0
Communications to the Editor |

Apoptosis of Circulating Neutrophils in COPD Patients FREE TO VIEW

Mathias W. R. Pletz, MD; Hartmut Lode, MD
Author and Funding Information

Affiliations: Chest Hospital Heckeshorn, Berlin, Germany,  Hospital Universitari Son Dureta, Palma de Mallorca, Spain

Correspondence to: Mathias W. R. Pletz, MD, Department of International Health, Emory University, Atlanta, GA 30322; e-mail: mpletz@sph.emory.edu



Chest. 2005;127(4):1464-1465. doi:10.1378/chest.127.4.1464
Text Size: A A A
Published online

To the Editor:

We read with great interest the study by Noguera et al (May 2004)1 on the apoptosis of circulating neutrophils in COPD patients. Neutrophils exhibit a short half-life and are primarily removed by apoptosis. In contrast to apoptosis, neutrophil necrosis results in the release of aggressive enzymes, leading to tissue destruction and increased inflammation.
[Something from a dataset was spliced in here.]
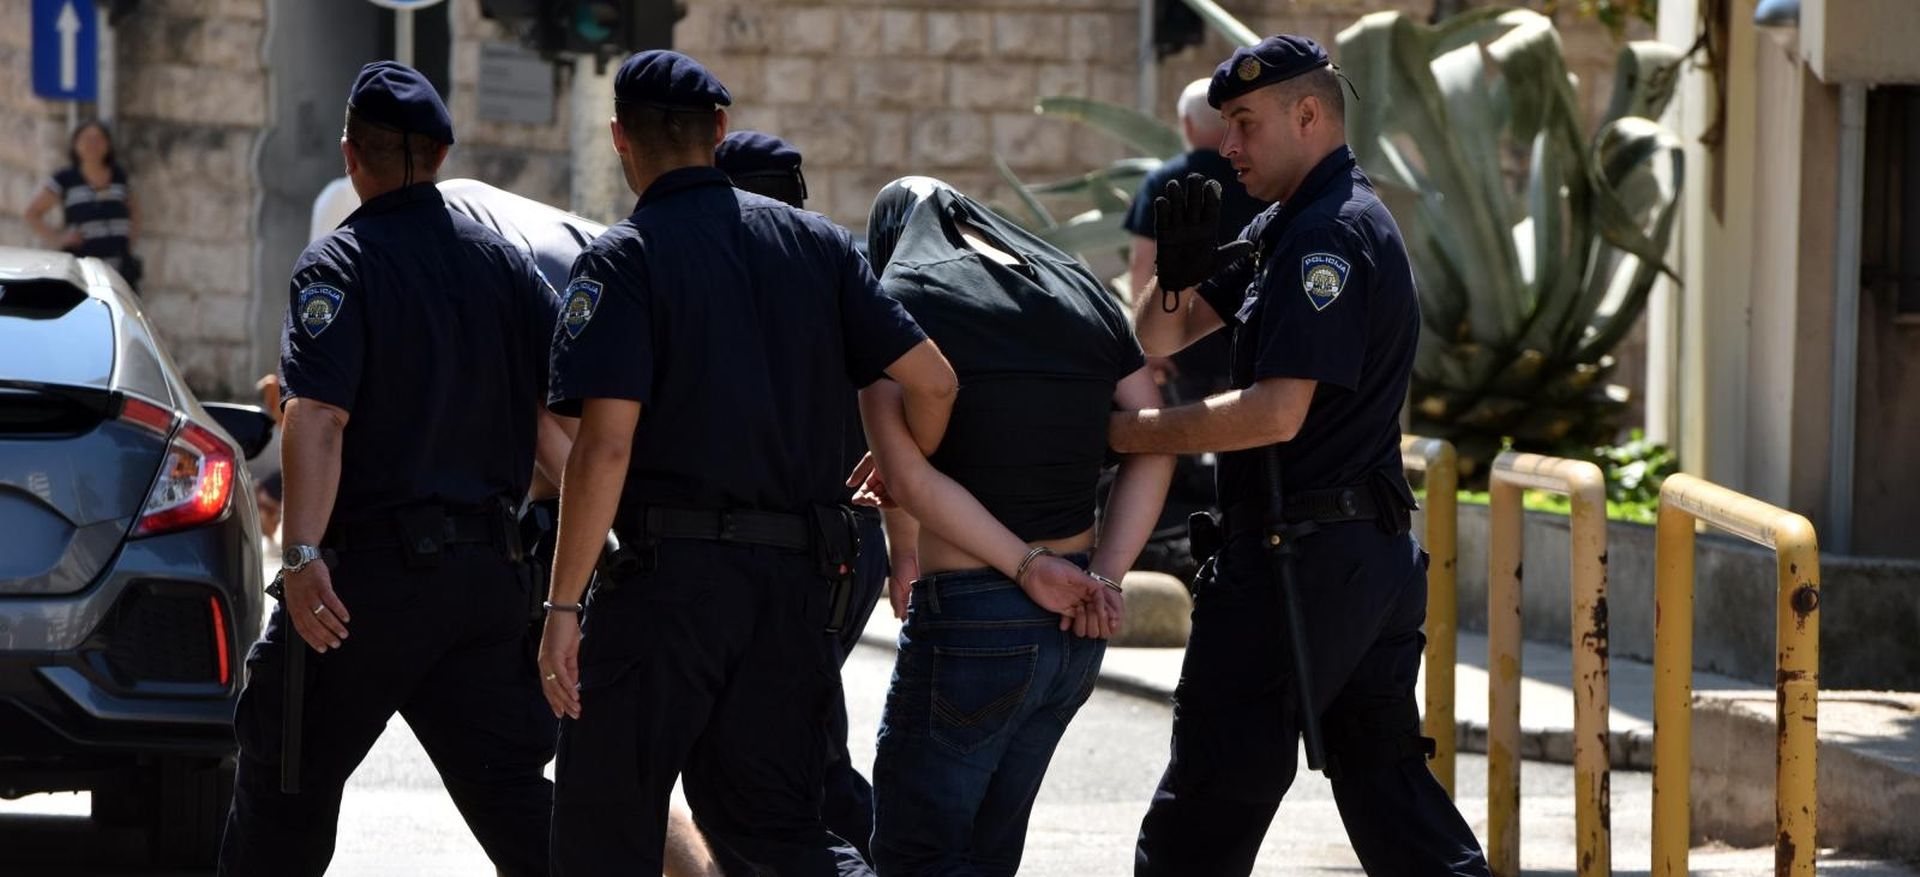 28.08.2019., Sibenik - Privodjenje osumnjicenih u policijsku postaju u Sibeniku. Photo: Hrvoje Jelavic/PIXSELL

Noguera et al compared ex vivo the spontaneous apoptosis rates of circulating neutrophils from COPD patients in stable condition with those from smokers with normal lung function and healthy nonsmokers. Since it is known that spontaneous neutrophil apoptosis is decreased in various inflammatory conditions and that neutrophils are considered to play a crucial role in COPD pathogenesis, they expected to find a decreased or delayed apoptosis. They incubated the cells and measured spontaneous apoptosis rates after 2, 8, and 24 h by flow cytometry. Surprisingly, they were not able to find a difference between the COPD patients and the control subjects. Their conclusion was that neutrophil apoptosis in COPD patients occurred at a rate similar to that found in healthy individuals and smokers with normal lung function.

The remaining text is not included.